Dr. Robert Linden, director of the Center for Innovation at L+M, said the hospital became a partner with the shelter in creating the respite center because it, too, recognized that everyone would be better off - the hospital, the homeless recovering from illnesses and the entire community. The Center for Innovation, he explained, is charged with developing "out of the box" solutions to complex health care problems.

When a homeless person ends up in the emergency room, or hospitalized and needing surgery, oftentimes they would end up with long inpatient stays that swell the hospital's uncompensated care accounts because there was no alternative. Alternatively, he said, someone would be discharged only to be readmitted within a short time because they relapsed from trying to recover while homeless.

"This improves care and decreases readmission rates, so we could make an argument to the hospital for funding," he said.

Linden said he's working to get the word out to doctors and other health care providers throughout southeastern Connecticut so they know the respite center is available.

Long-term investment

The respite center is being funded this year as a trial program, with $50,000 coming from L+M and a $50,000 grant from the Connecticut Health & Educational Facilities Authority. Examples of the people who've used the center in the 5½ months it's been open provide ample evidence that it should become permanent, Zall and others said.

Tina Belmont, a nurse with the Visiting Nurse Association of Southeastern Connecticut, has been providing care at the respite center seven to eight hours per week.

"We make follow-up appointments, make sure they have transportation to the appointments," she said. "So many of these things would fall through the cracks."

She told of one young woman who came to the respite center with a nephrostomy tube and catheter due to kidney failure, and was also struggling with mental illness.

"We got her here and calmed her down, and got the medications she needed and changed her dressings," Belmont said. "She couldn't go to the meal center because of the risk of infection. She needed lots and lots of rest."
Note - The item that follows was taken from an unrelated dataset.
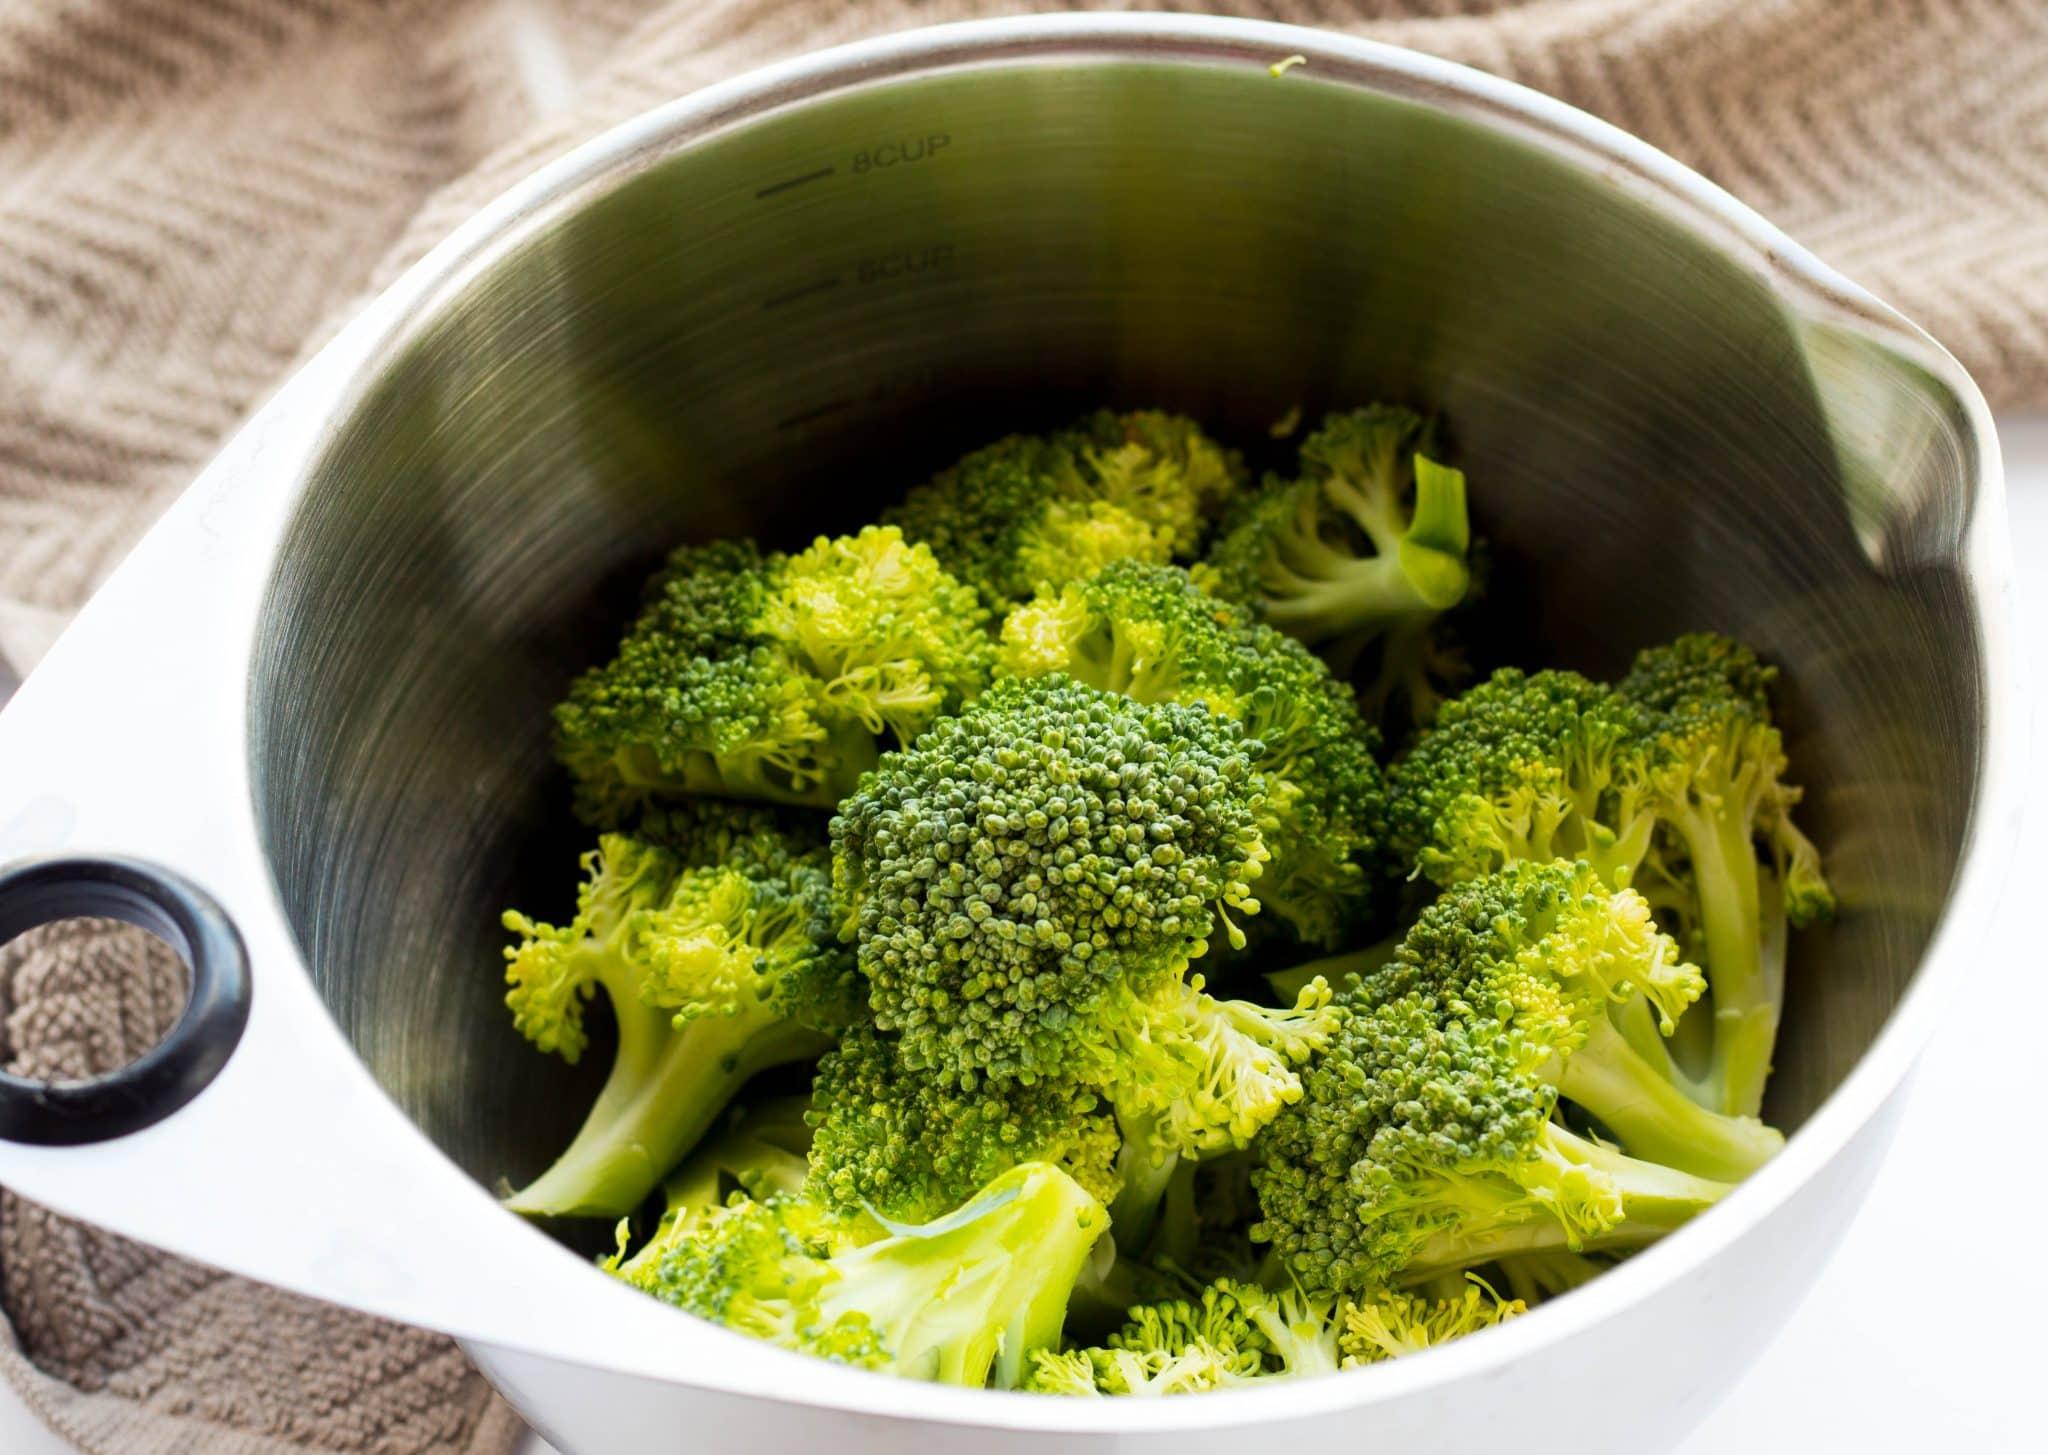 Fresh broccoli florets 4 cups = 247 calories

She's also cared for those with congestive heart failure, broken jaws, diabetes complications, frostbite and a man who had been staying at the bus shelter in Norwich after lung surgery.

"He slept and slept and slept when he came here," she said. "We monitored his vital signs, and he was able to go back home. We prevented a rehospitalization."

Several people have stayed in the respite center after hospitalization for a psychiatric episode, Zall said.

"The transition from inpatient to outpatient can be really problematic," she said. Any progress made in the hospital can quickly unravel without the medication monitoring, transportation to appointments and other services available at the respite center, she added.

Zall said she believes the respite center is a wise long-term investment, not only improving health care for the homeless but also the entire community by easing the load on hospitals.

"My hope is that we can convince the hospitals that this will save them money on length of stay for uncompensated care, and unburden the emergency rooms of people who can't be released," she said.